The International Energy Agency says oil demand could bounce back next year, but restrictions on air travel will continue lower appetite for jet fuel

air plane

Air passenger traffic is expected to more than halve in 2020

The collapse of air travel during coronavirus weighs heavily on recovering oil demand, despite the fact 2021 could witness the biggest annual rebound in history, said the International Energy Agency (IEA).

In its latest oil market update, the Paris-based watchdog said worldwide demand will fall by 8.1 million barrels per day (bpd) this year – a slight positive adjustment from last month’s forecast of an 8.6 million bpd decline, prompted largely by China’s quick resurgence after lockdown.

Global demand has been decimated in the months since the pandemic began to spread, as containment measures put the brakes on travel and industrial activity.

A recovery of 5.7 million bpd is expected in 2021 – which would be the biggest annual growth in history beating 1973’s record – but even this will leave a shortfall of 2.4 million bpd to 2019’s all-time peak of 100.8 million bpd.

 

If aviation was set aside, global demand could recover to pre-crisis levels by the middle of next year

The damage dealt to the aviation industry – and consequently jet-fuel demand – caused by travel restrictions largely accounts for this gap, said the IEA, which warned the trend that will cause a 55% drop in air passenger traffic this year will “continue to be a drag on oil demand through 2021”.

“If you put aviation aside, our numbers show that global oil demand on a monthly basis in mid-2021 will be at the level of pre-crisis,” said the agency’s executive director Dr Fatih Birol.
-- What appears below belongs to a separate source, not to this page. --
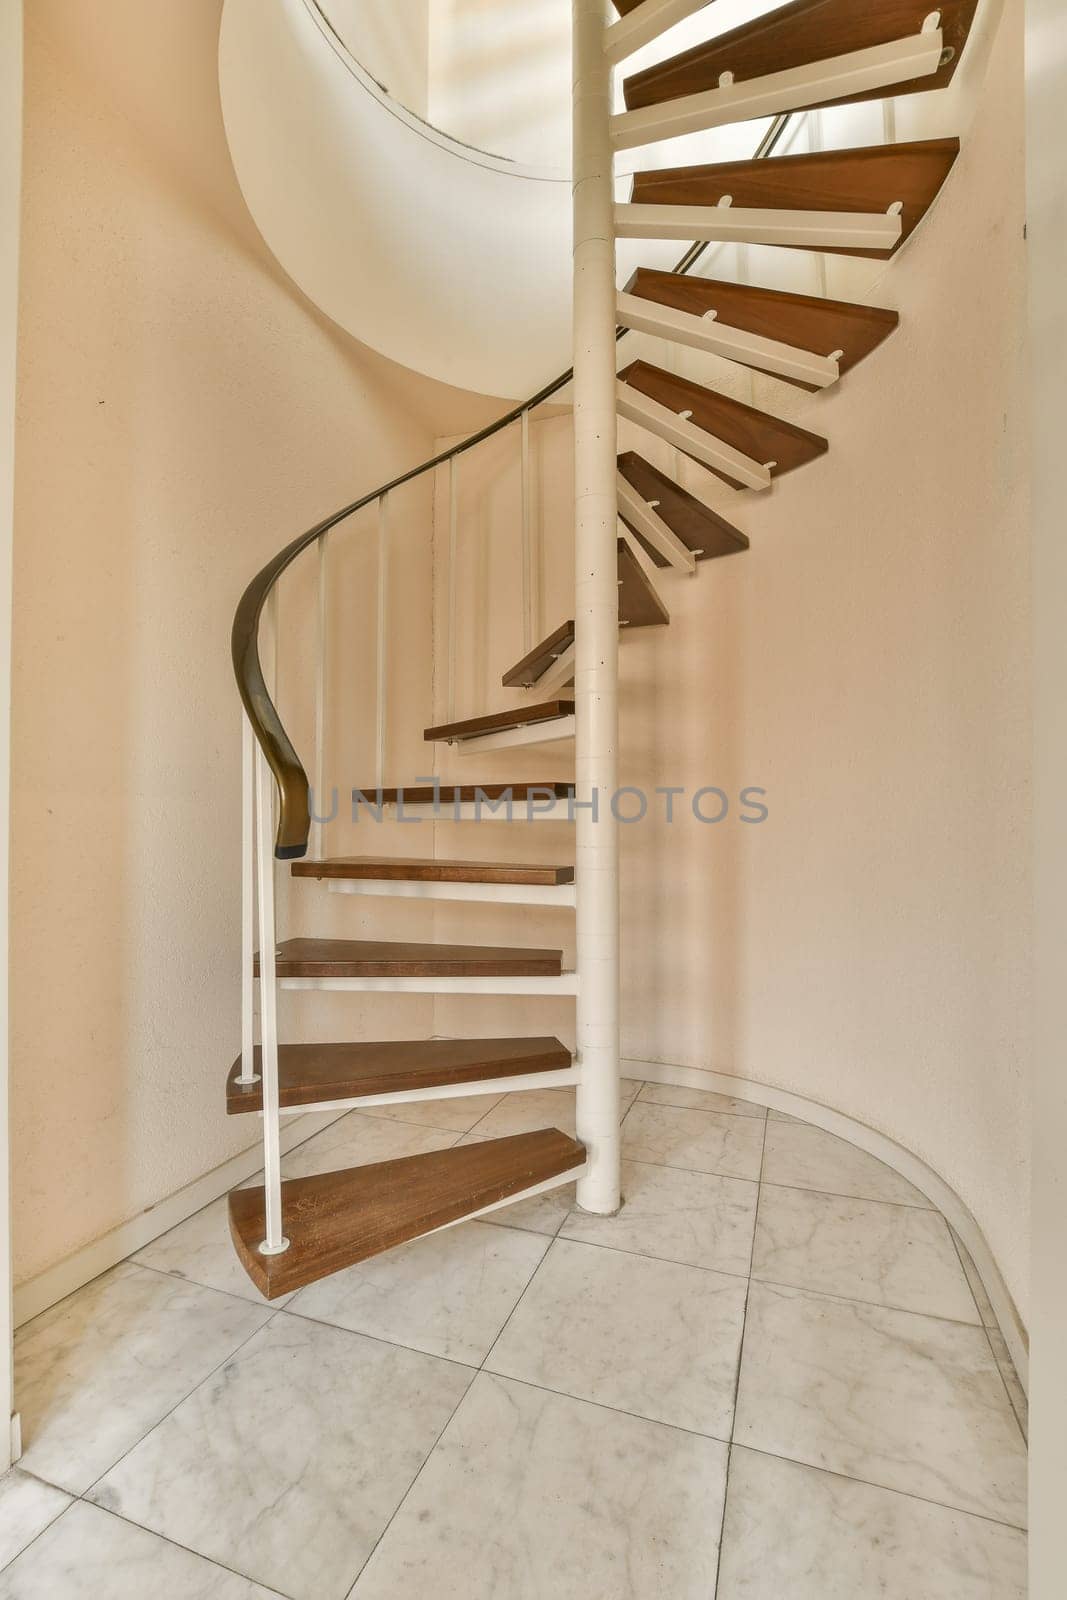 a spiral staircase in an empty room with white walls and marble flooring on either side, the stairs are made of wood

He also cautioned all of these calculations are based on a set of assumptions that there will be a significant economic recovery in 2021, “as major institutions expect”, and no second wave of coronavirus.
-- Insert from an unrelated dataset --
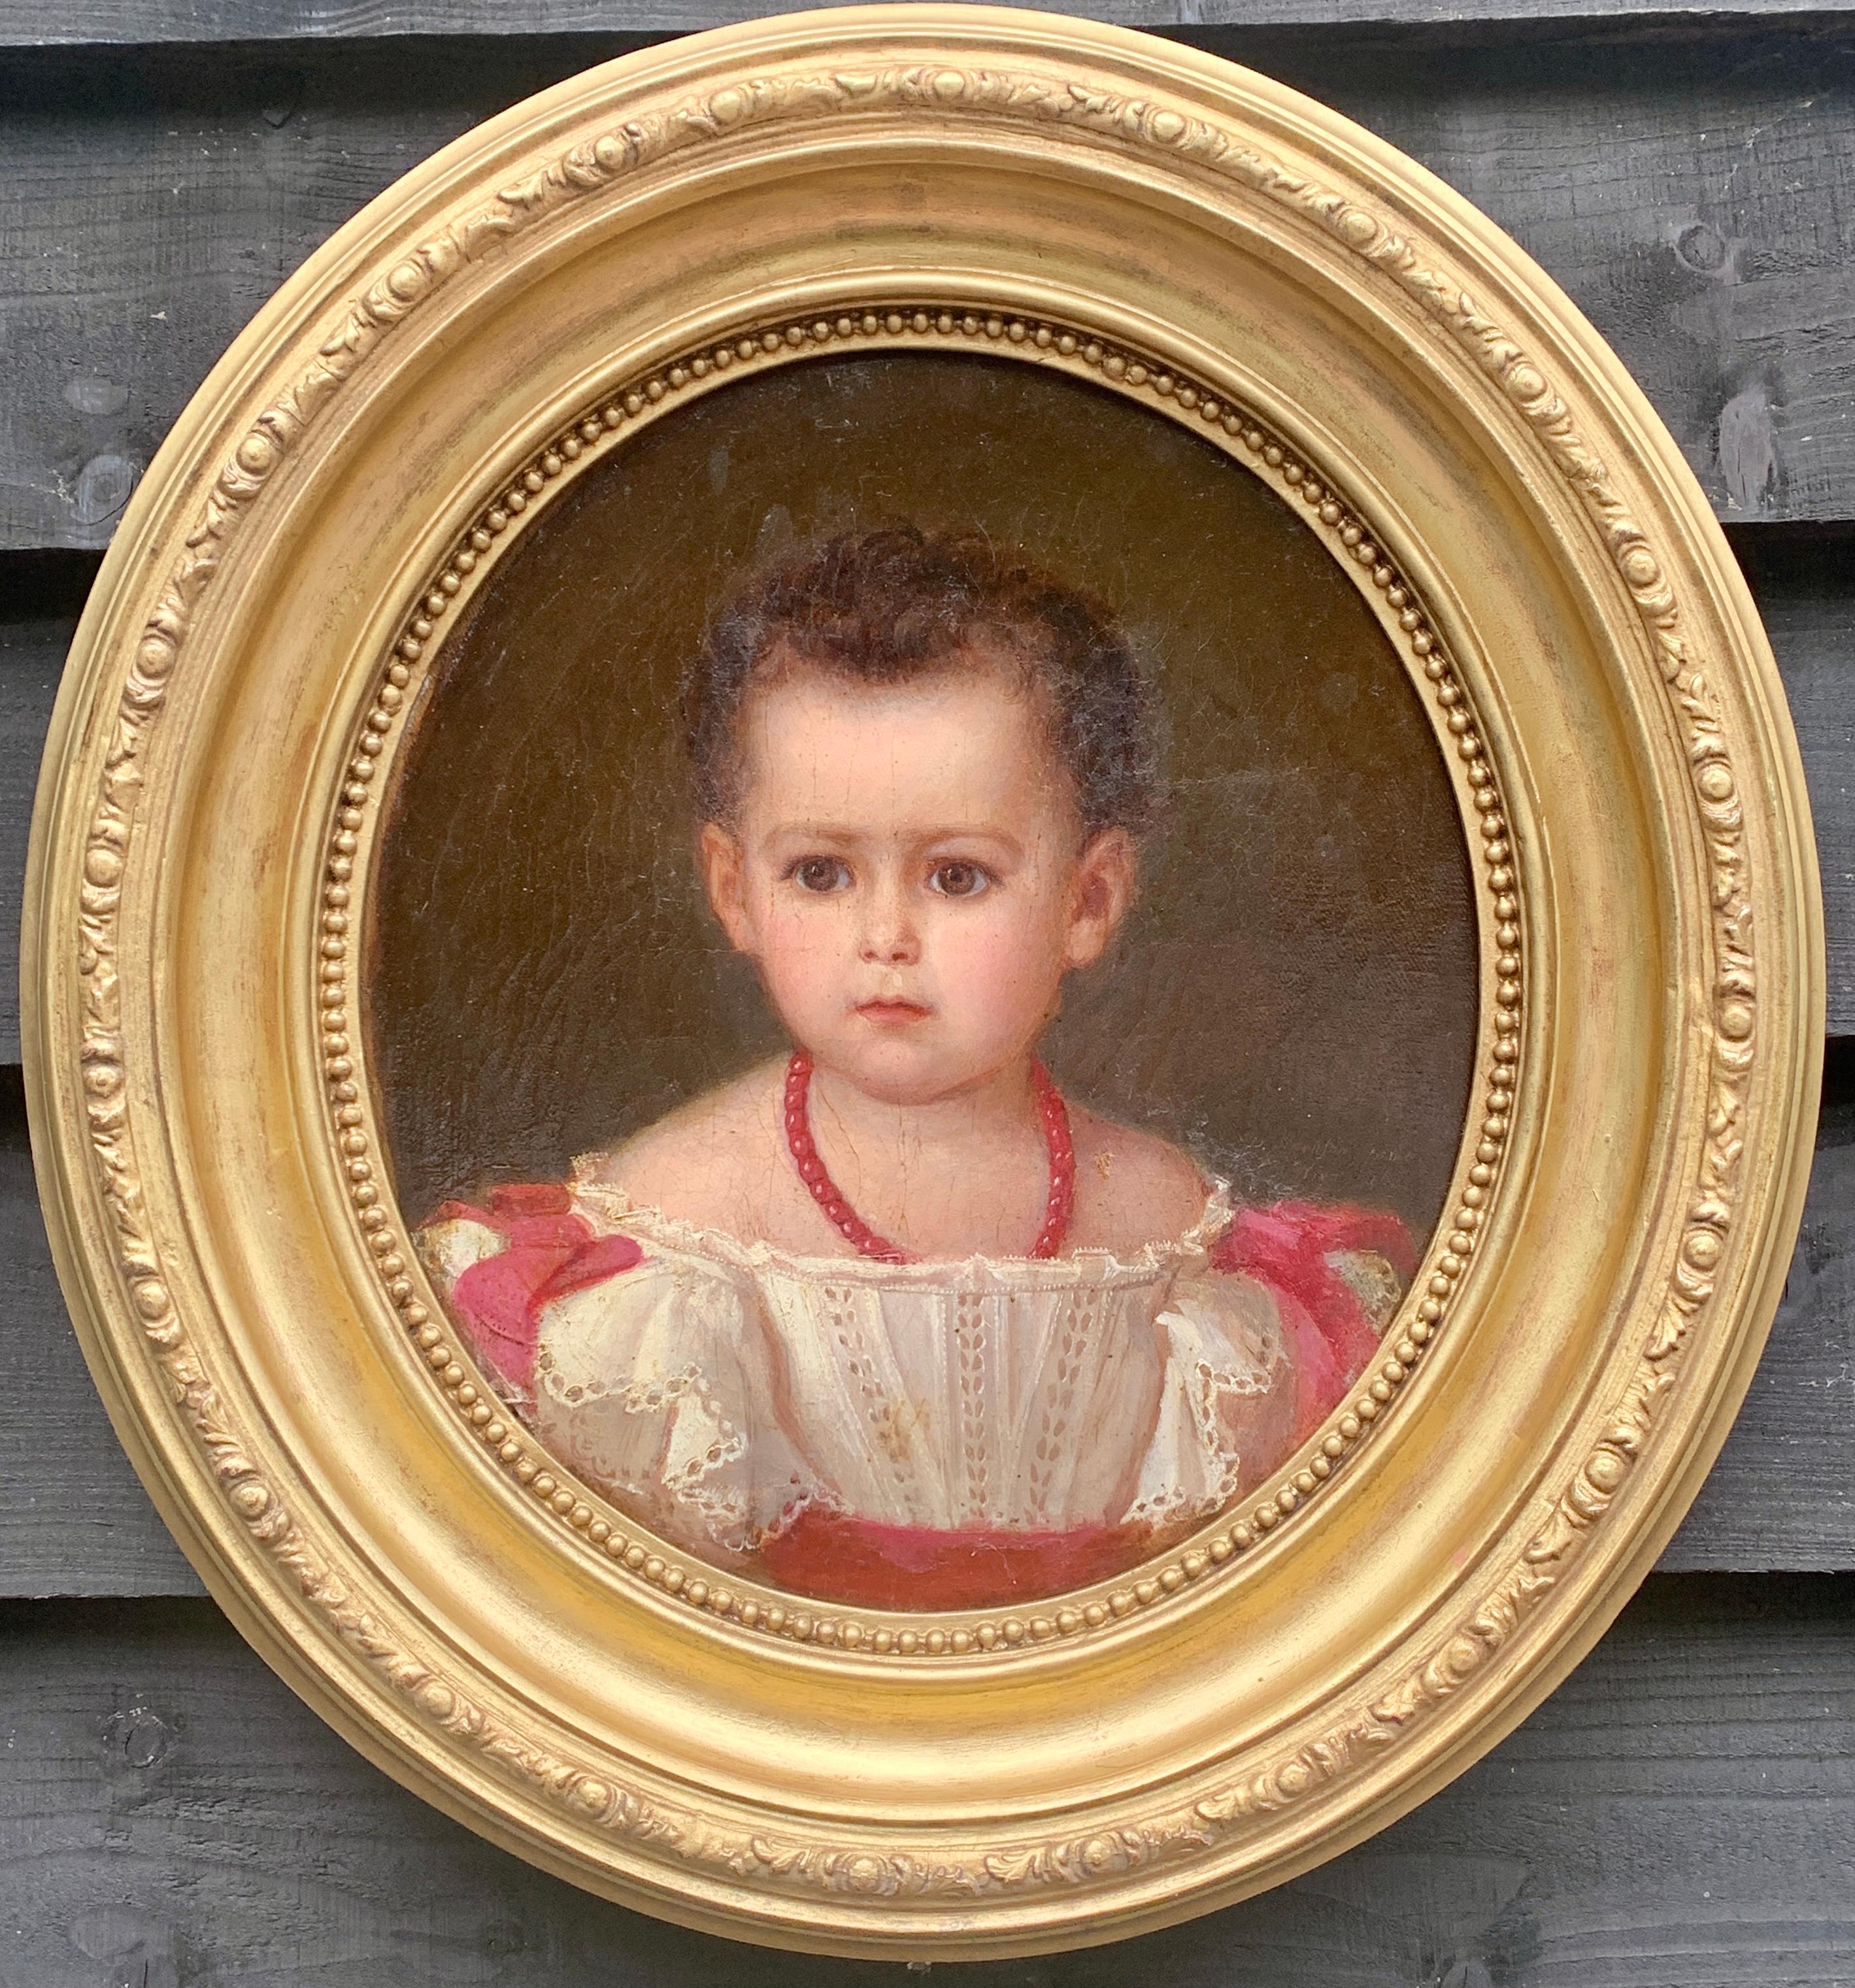 19th century Austrian Portrait of a young girl in white dress with Red bows

Estimates by the agency suggest jest fuel and kerosene demand will fall by three million bpd over this year, before rebounding by just one million bpd in 2021.

 

Peak oil demand could return by 2023

The IEA’s head of oil industry and markets Neil Atkinson added: “We believe that the worst is behind us. As we move through the second half of 2020 the picture starts to improve very considerably. China has emerged very quickly.
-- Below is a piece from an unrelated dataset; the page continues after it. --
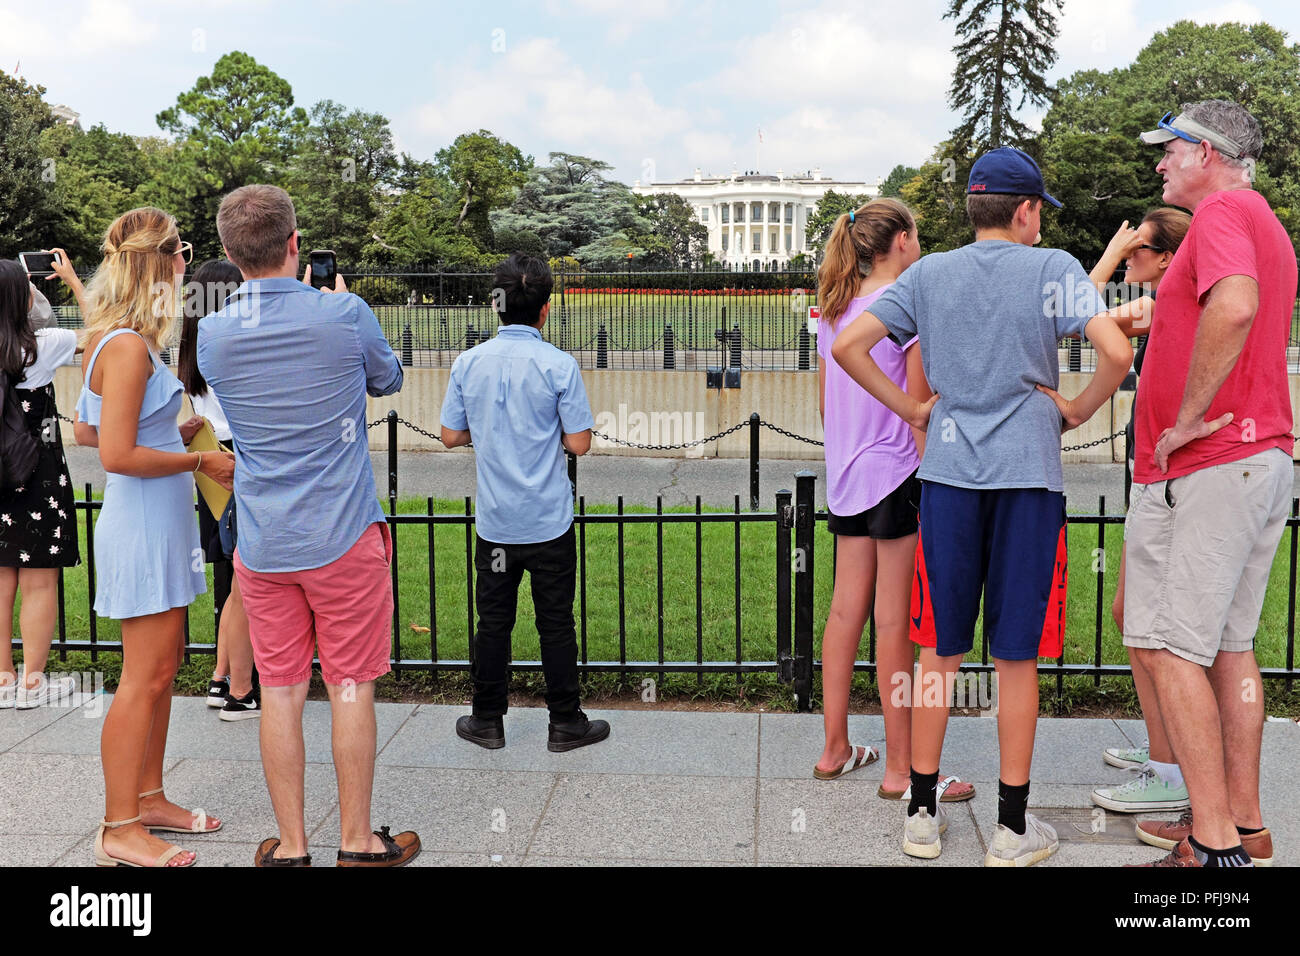 Summer tourists stand and take photos of the distant U.S. White House from behind the security barriers in Washington D.C. USA. Stock Photo

“As we get to November, December, the demand for everything except jet fuel is very close to last year’s level, almost back to normal.

“[A demand level of] 100 million bpd will come back at some point, but it may not be until 2023.”

Measures have been taken worldwide to lower the supply of oil into a market where demand has taken record hit, like the Opec+ agreement to collectively cut production by 9.7 million bpd throughout May, June and July, as well as market-led cutbacks in non-Opec nations like the US and Canada.

These efforts resulted in a production drop of 11.8 million bpd during May, according to the IEA.

Over the year, global production cutbacks are expected to average 7.2 million bpd, with the US the largest contributor with curtailments of 1.2 million bpd by the end of next year.

An overall production increase of 1.7 million bpd is anticipated for 2021.